**Instructions for the task:** Return each line of the data below exactly, omitting any pictures.

**Raw data:**
━━━━━━

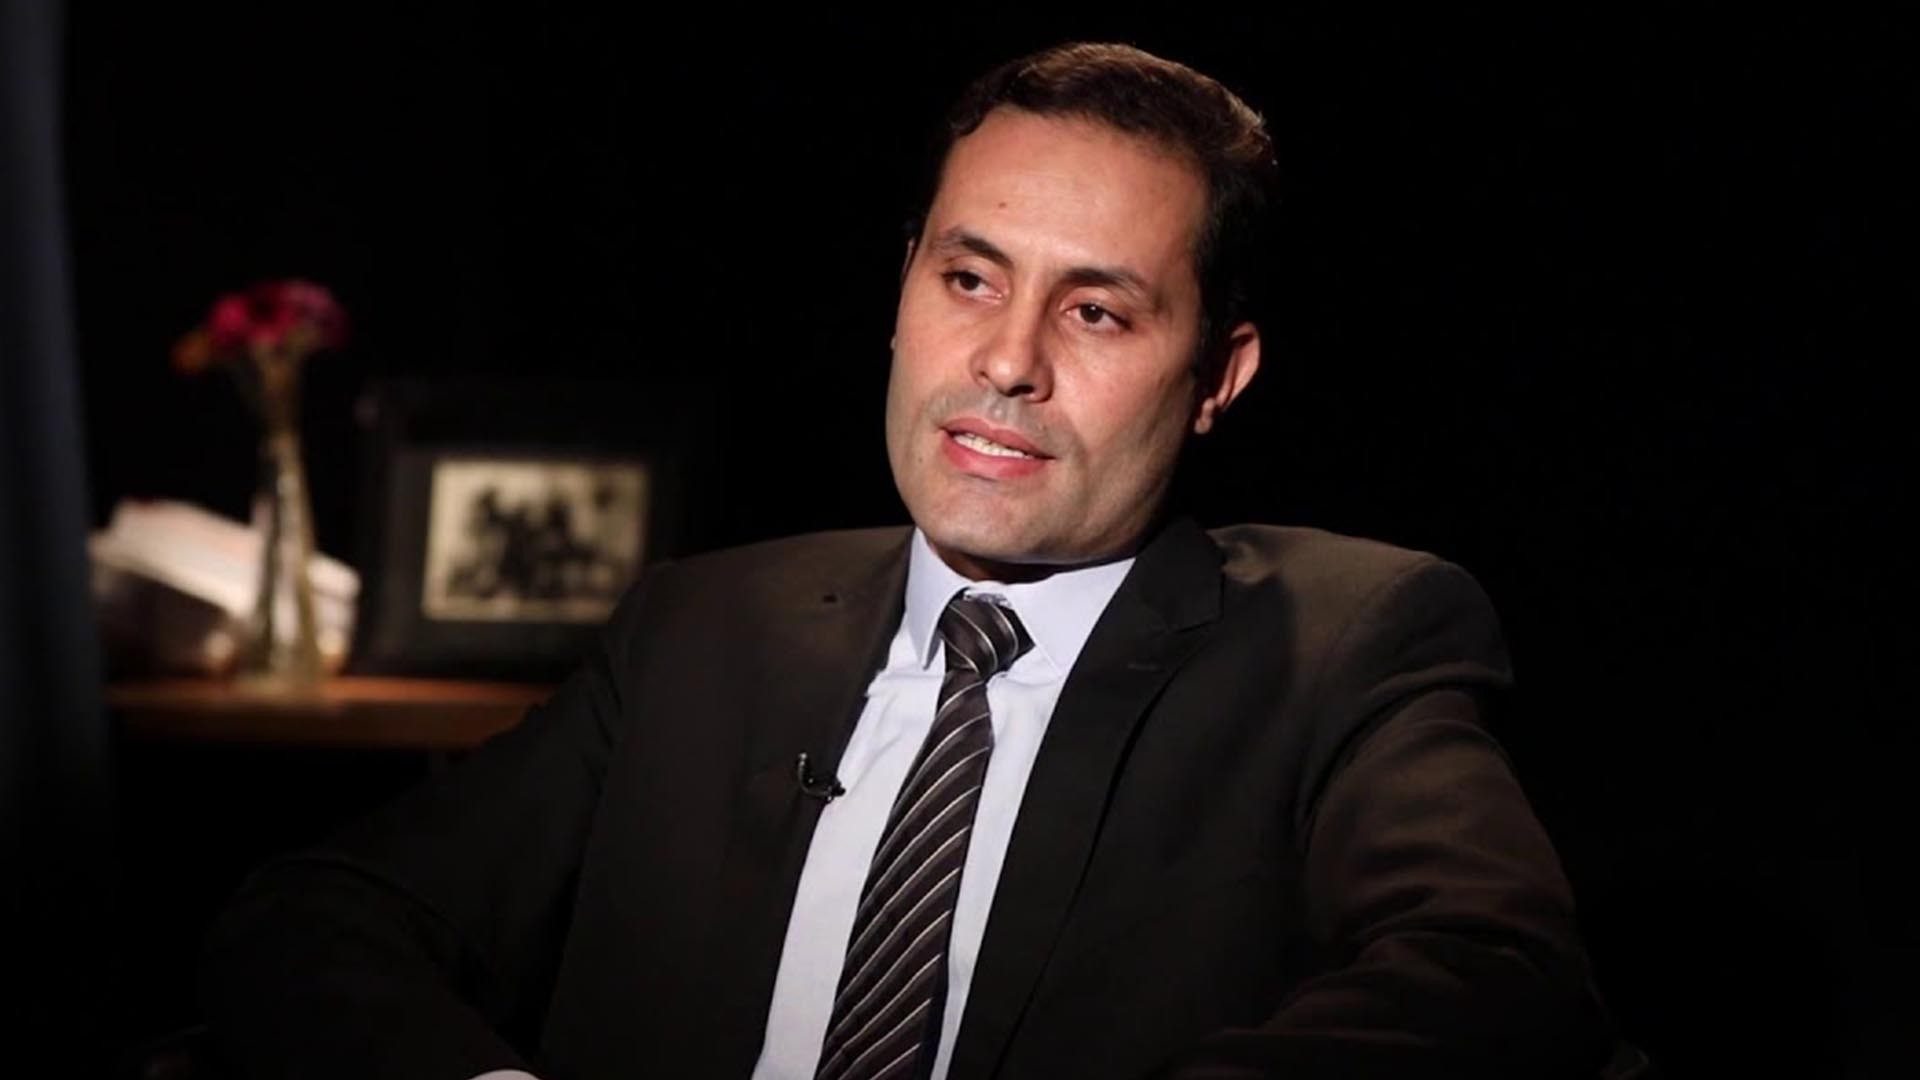 مجلس النواب يبحث إسقاط عضوية أحمد الطنطاوي
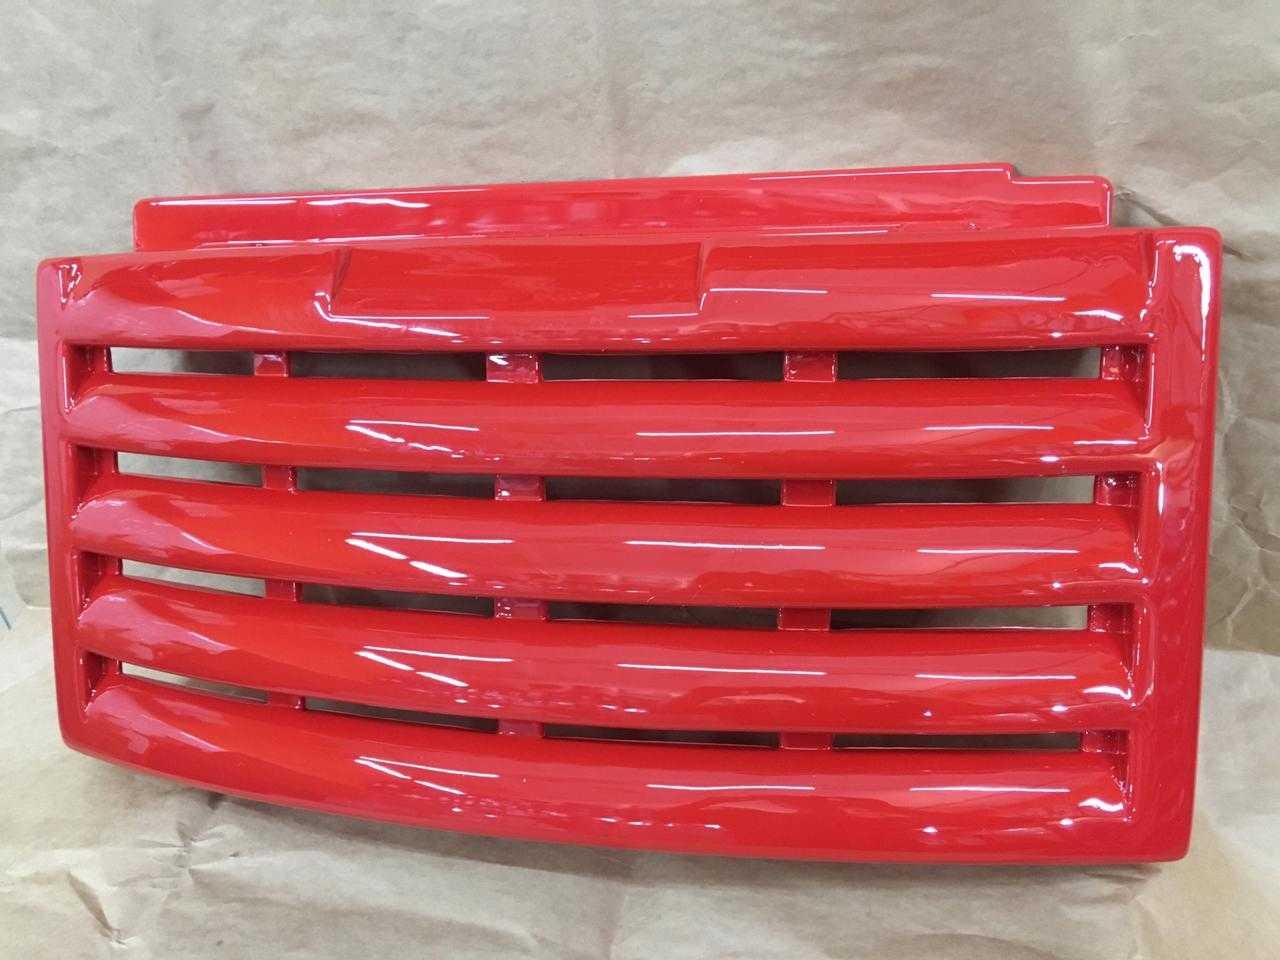 Rodapé Freezer Vertical Metalfrio
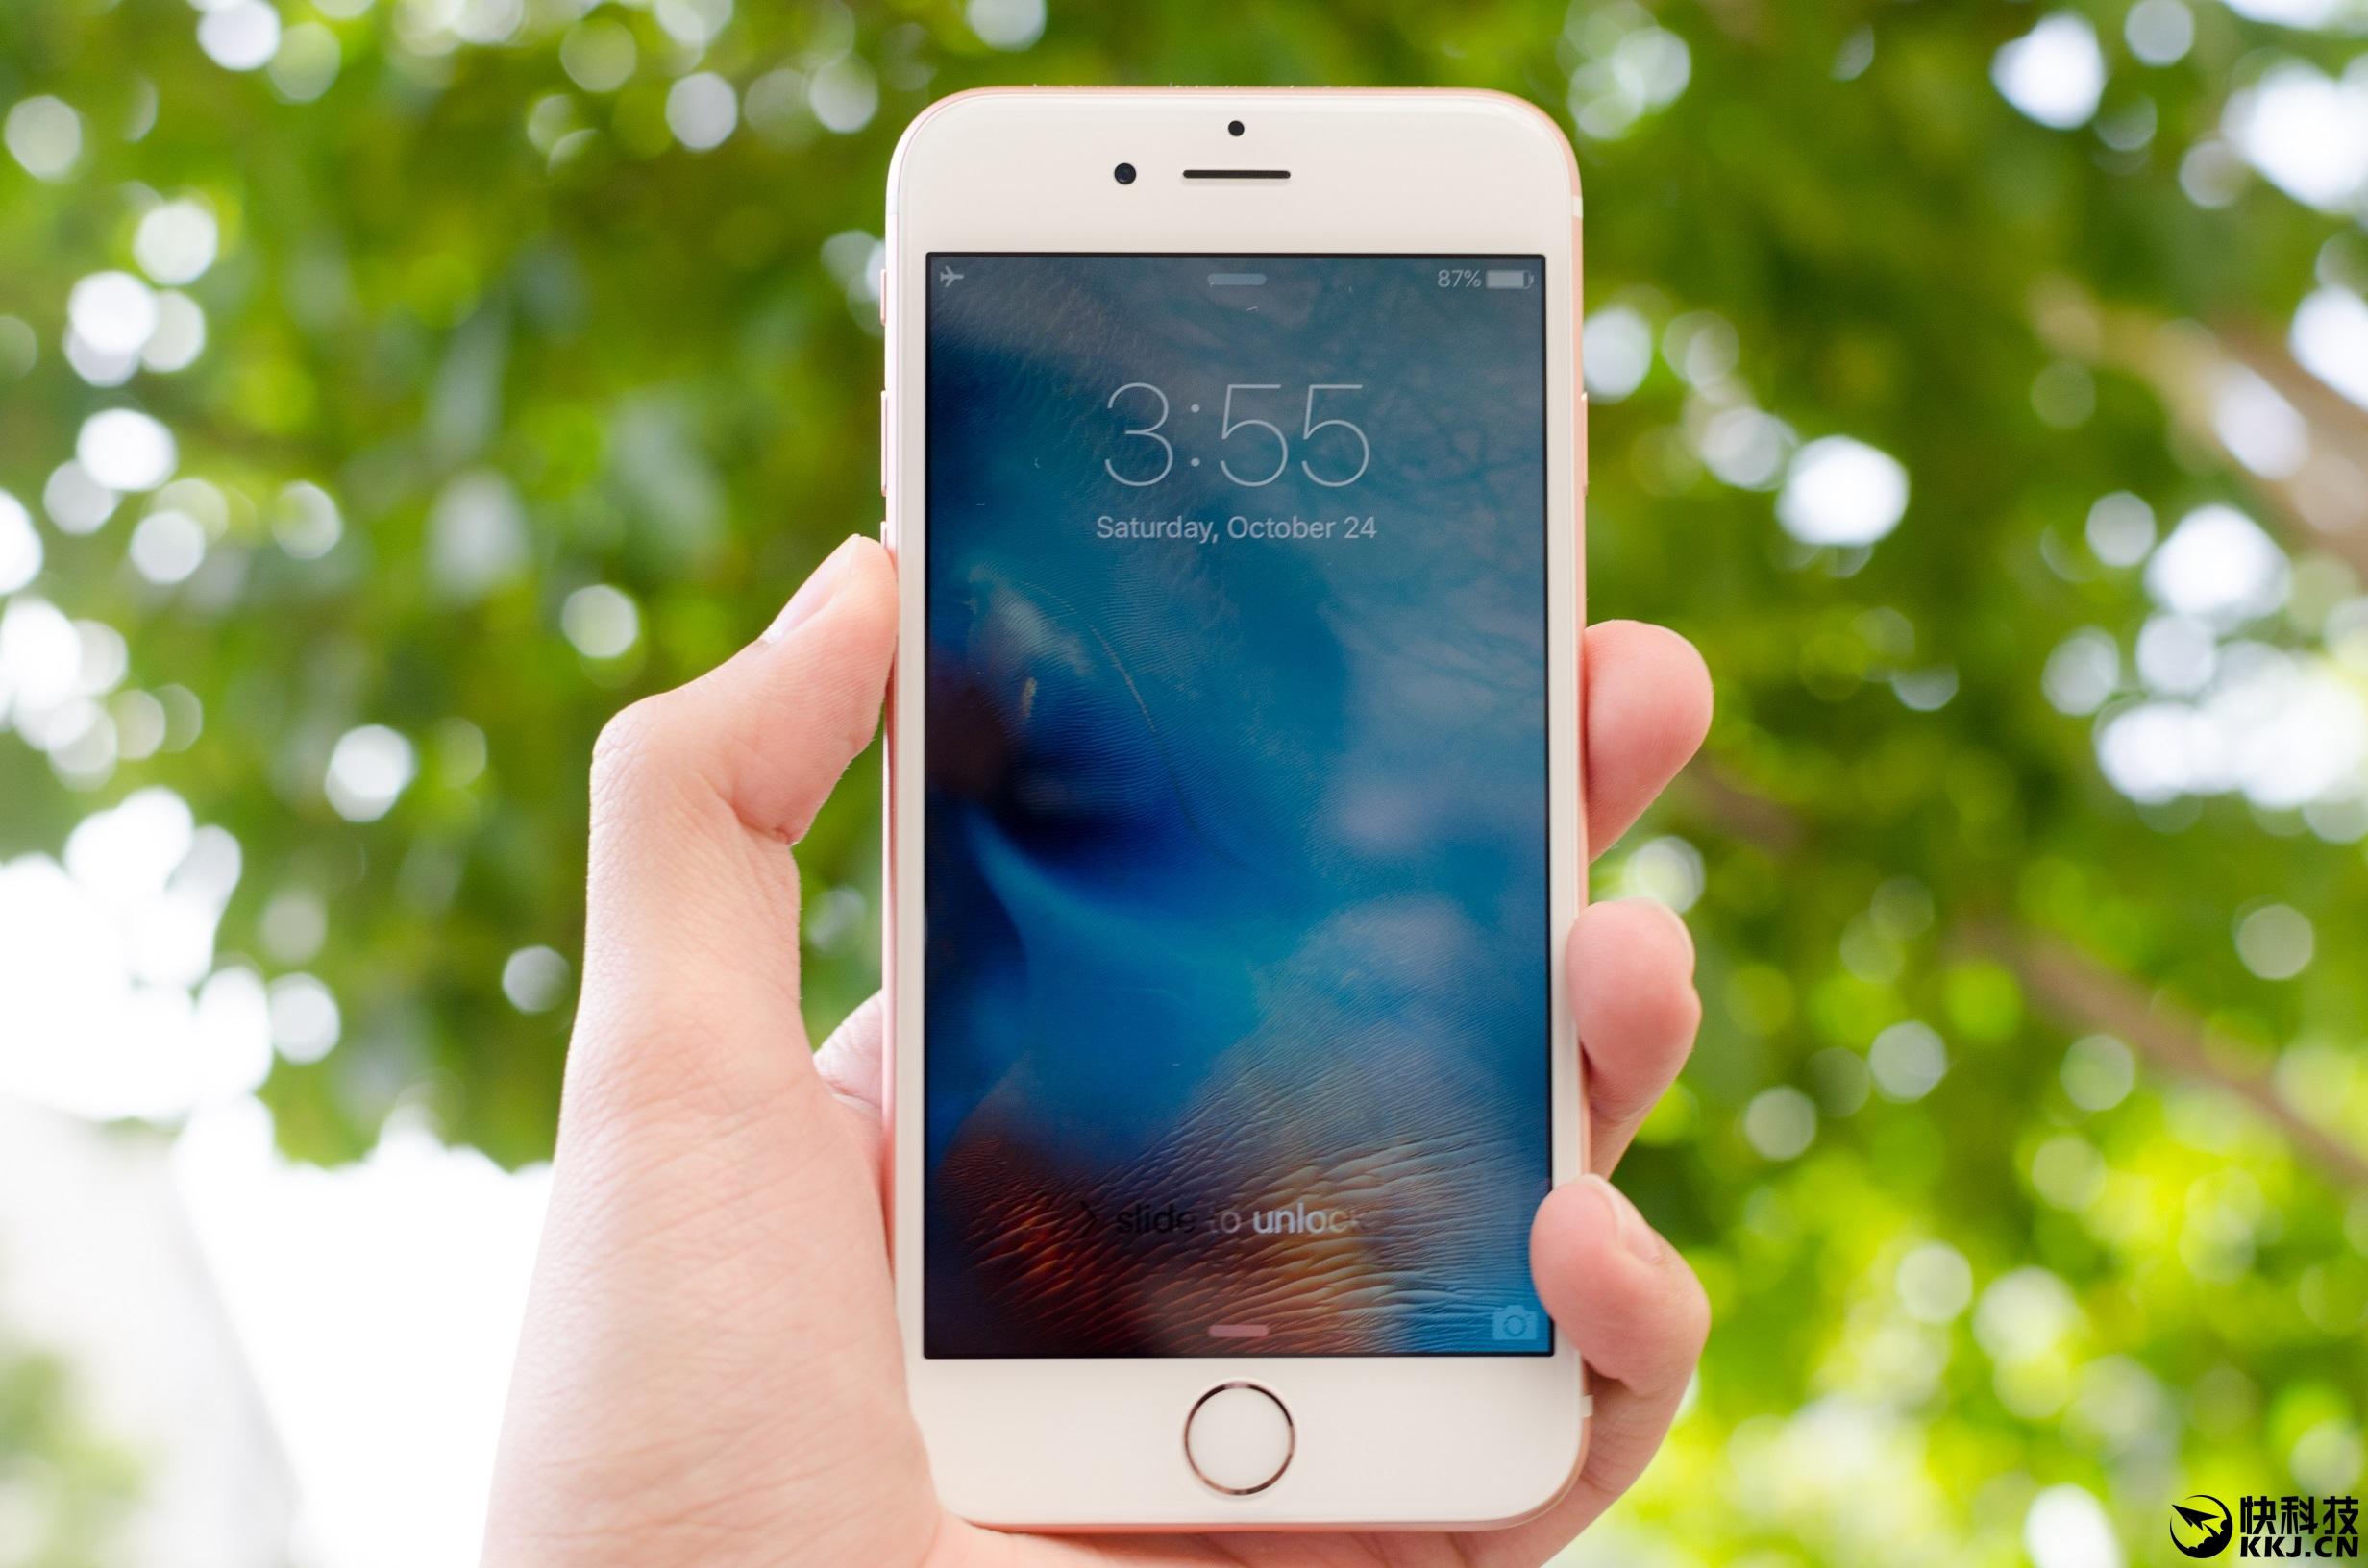 苹果6s的电池续航能力如何

━━━━━━

**Final answer:**
 مجلس النواب يبحث إسقاط عضوية أحمد الطنطاوي
 Rodapé Freezer Vertical Metalfrio
 苹果6s的电池续航能力如何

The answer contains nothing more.